The rhythm becomes clear quickly: a cartucho of peppers or mussels to open, a marinera, a croquette, summer black pudding, Zagálico ensaladilla, salt fish, cured meats and something hot if the table wants to keep going. There is no need to look for a perfect progression. This is not a restaurant for measured sequences but for joyful accumulation: a salty bite, a glass, a conversation, another dish in the centre.
Zagálico works best when you accept that logic. This is not a menu of stripped-back product cooking or narrow auteur cuisine. The pleasure here is in the movement: fried food, acidity, fat, preserves, cheese, garden produce, bread and wine. A table that starts as an aperitivo and, without much warning, becomes a meal.
The marinera and other gestures of identity
At a restaurant like Zagálico, the marinera is not a curiosity. It is almost a statement. The classic marinera, the Zagálico marinera, the cartuchos of potatoes with anchovies or mussels, the caballitos and the pastelico de carne place the table in very specific territory: Murcia, aperitivo, fried food, preserves, sauce and the desire to keep ordering.

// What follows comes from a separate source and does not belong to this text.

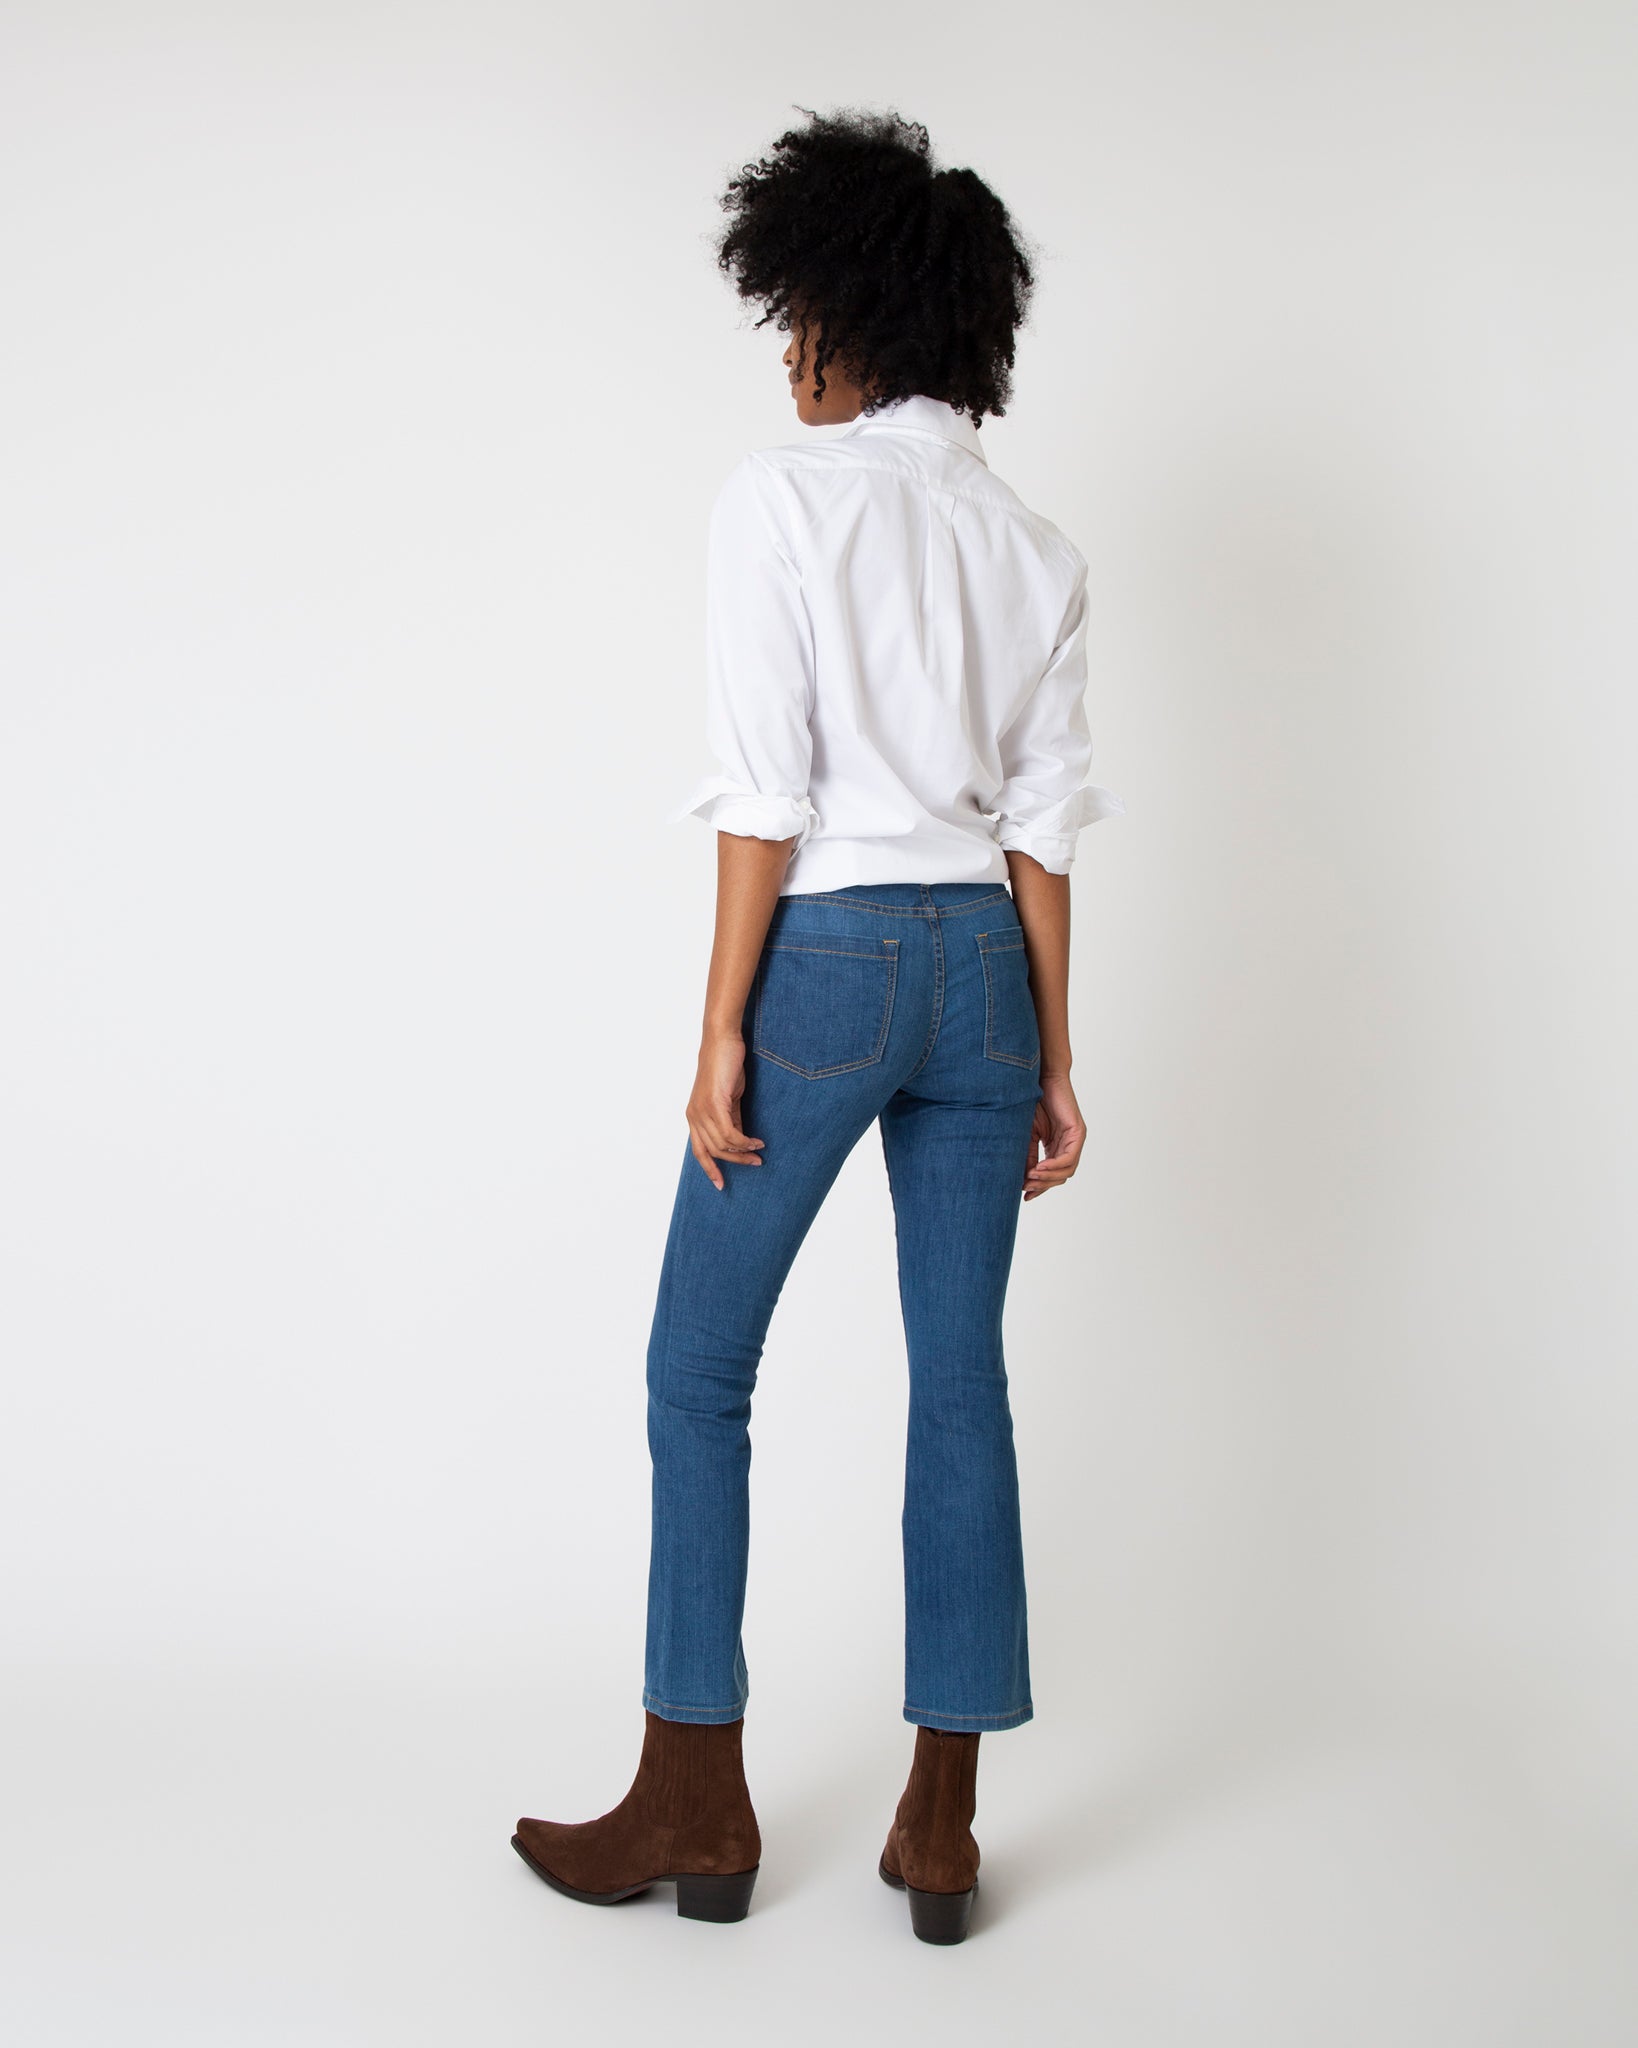 Flare Cropped 5-Pocket Jean in 3-Year Indigo Stretch Denim

That kind of dish explains the restaurant better than any long description. Zagálico understands that the aperitivo can be a serious thing precisely because it does not need to take itself seriously. A good marinera, a good cartucho or a good croquette are judged quickly: texture, temperature, fat, acidity and the urge to order another.
The kitchen operates at that scale. It does not aim to elevate the tapa until it becomes unrecognisable. It prefers to give it a turn, adjust the fat, introduce a contrast, use better produce and keep something essential: that it should still feel appetising without too much thought.
Murcian wines, Alicante wines and bar culture
Drink matters considerably at Zagálico. It does not appear as secondary accompaniment but as part of the character of the place: Murcian and Alicante wines, vermouth, aperitivos and a cocktail programme with more intention than is usually found in a tapas house.
Ismael Martínez, running the floor and bar, reached second place at the Gran Premio Ron Diplomático — which gives some sense of the level at which the drinks are worked at Zagálico. The aim is not to decorate the menu with catalogue cocktails but to build a bar offer coherent with the identity of the place: Murcian, direct and full of flavour.
Murcian and Alicante wines make sense here because they pair naturally with salt fish, cured meats, fried food, cheese, escabeche and flavoursome tapas. An encyclopaedic cellar is not what gives a glass weight. What matters is that the wine is designed to hold up the food rather than to perform on its own.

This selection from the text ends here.